BEGIN
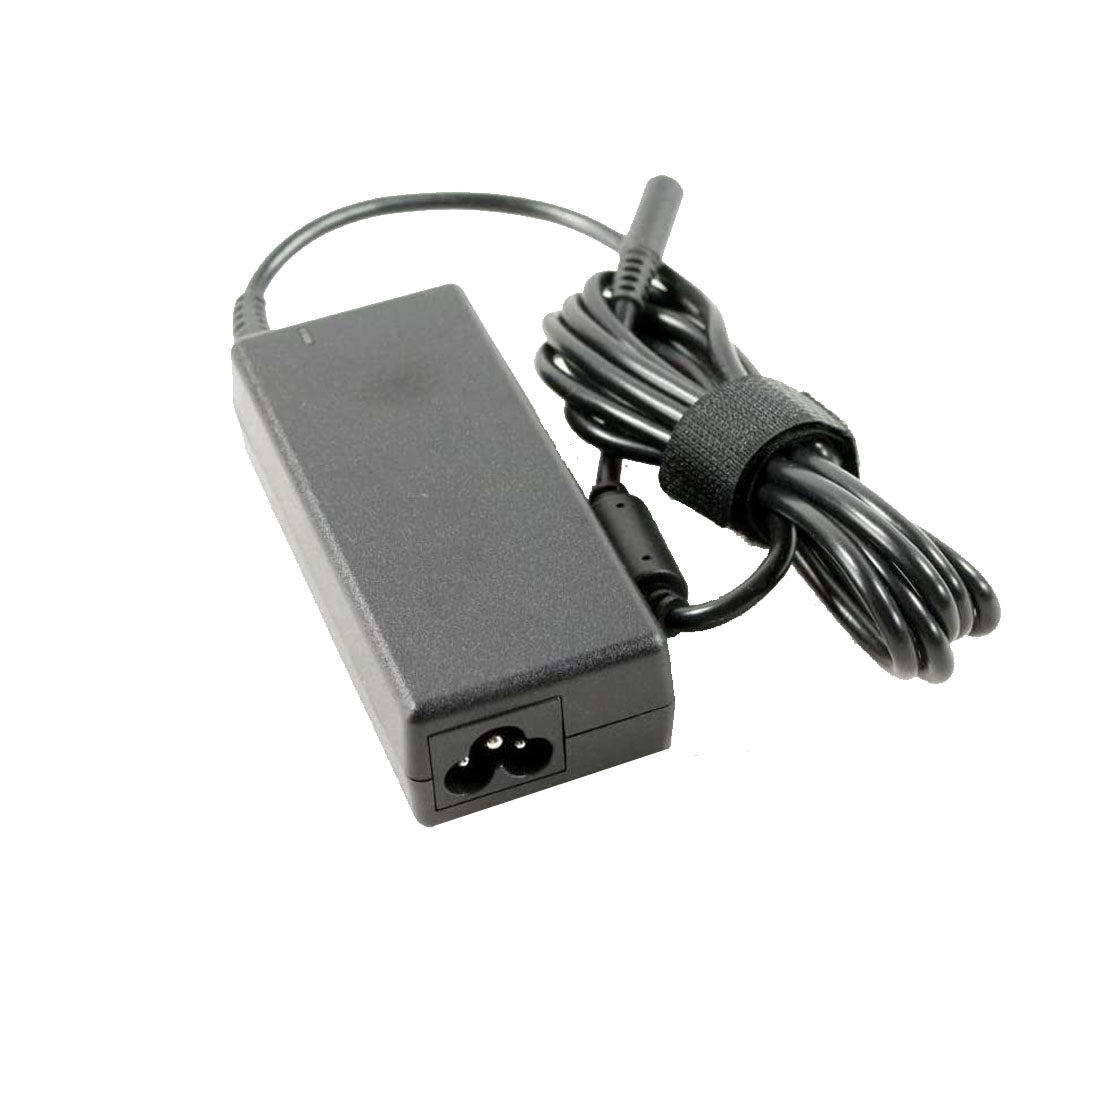 Dell Original 65W 19.5V 4.5mm Pin Laptop Charger Adapter for XPS 13 9350 With Power Cord
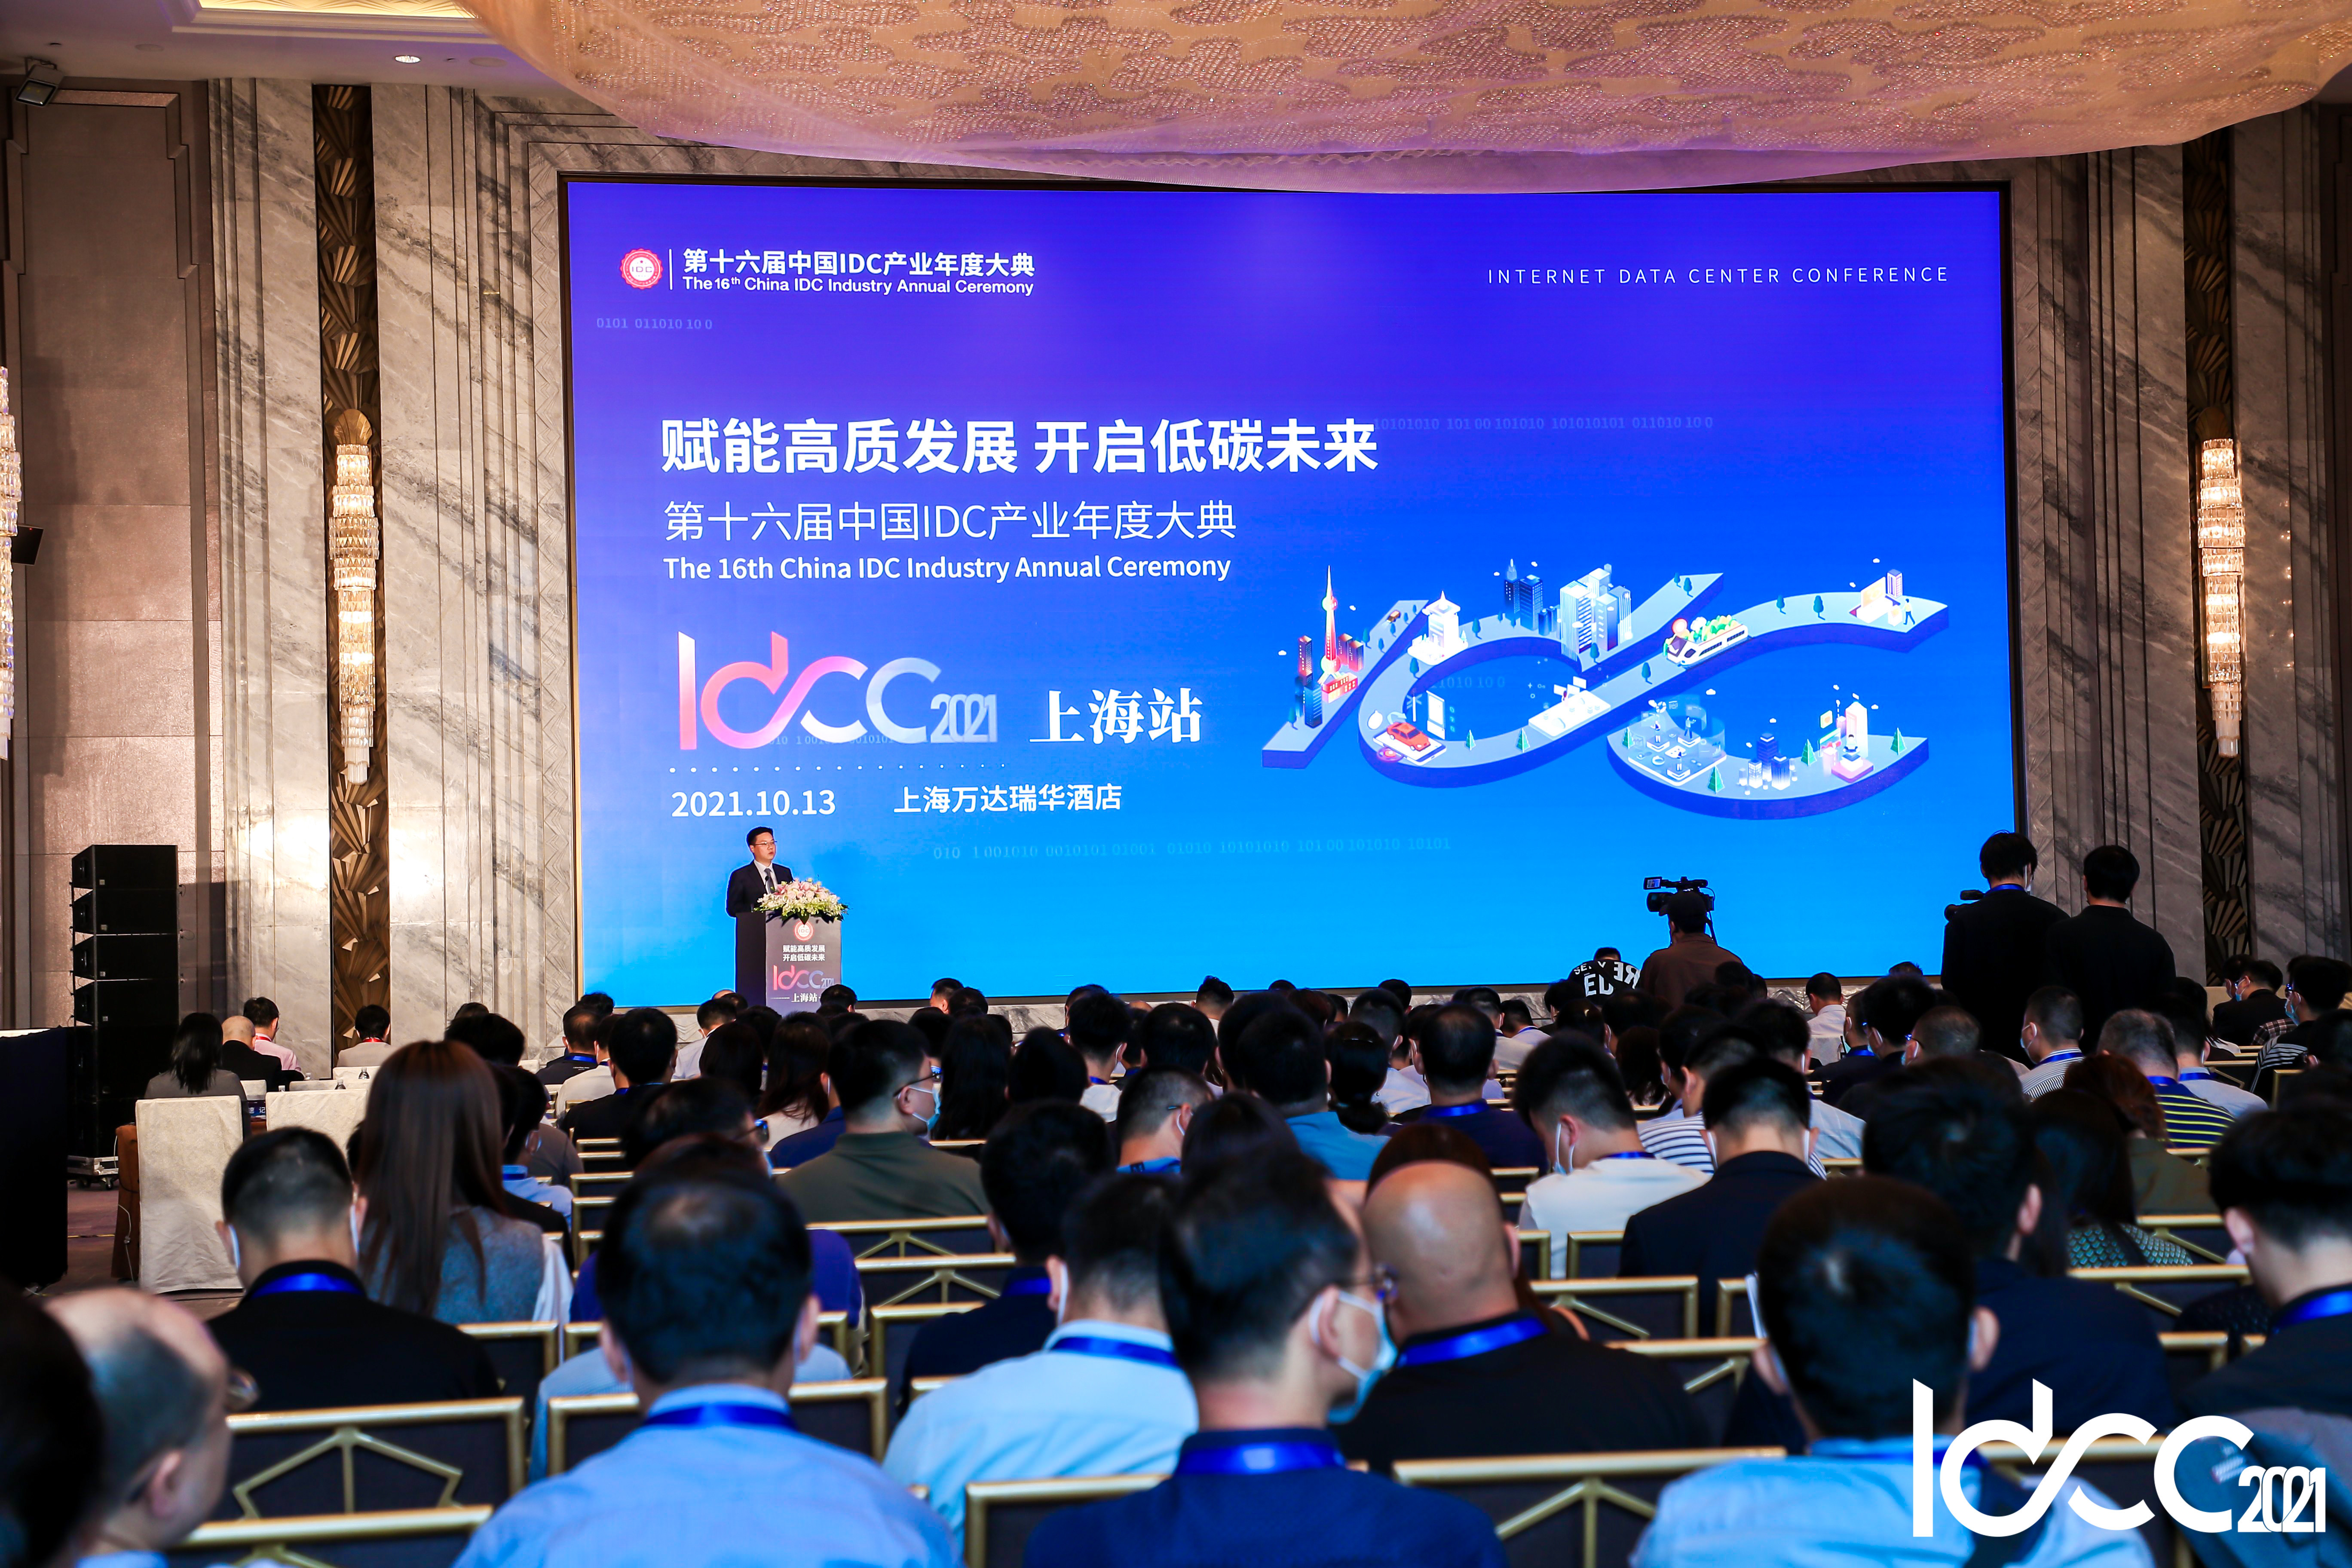 Low-carbon Practice and High-quality Development | Hotwon Group Attends IDCC2021 (Shanghai)
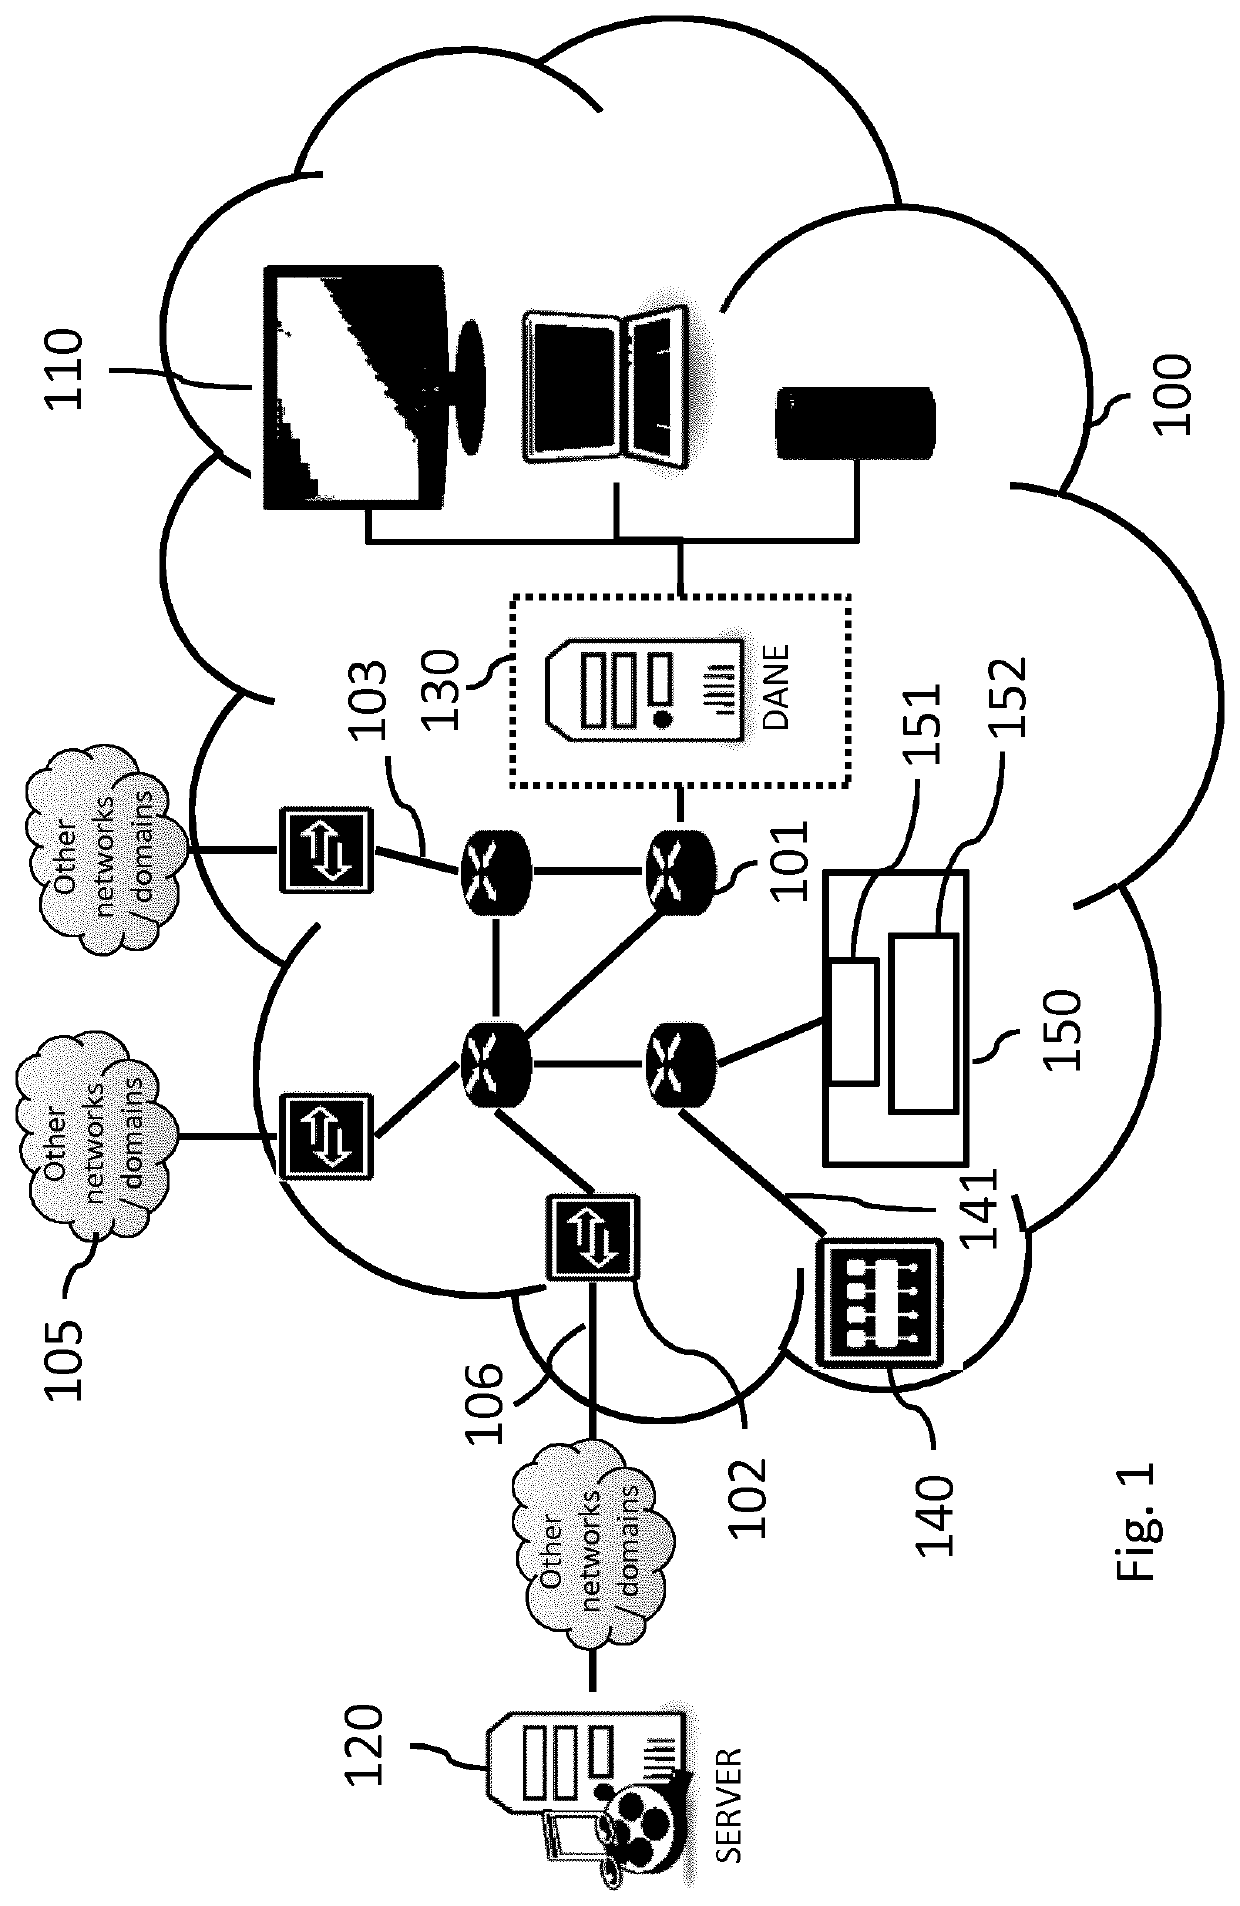 Stream control system for use in a network
END
== Exercise ==
When copying the listing, skip the pictures and keep each line exactly as written.

== Output of the exercise ==
 Dell Original 65W 19.5V 4.5mm Pin Laptop Charger Adapter for XPS 13 9350 With Power Cord
 Low-carbon Practice and High-quality Development | Hotwon Group Attends IDCC2021 (Shanghai)
 Stream control system for use in a network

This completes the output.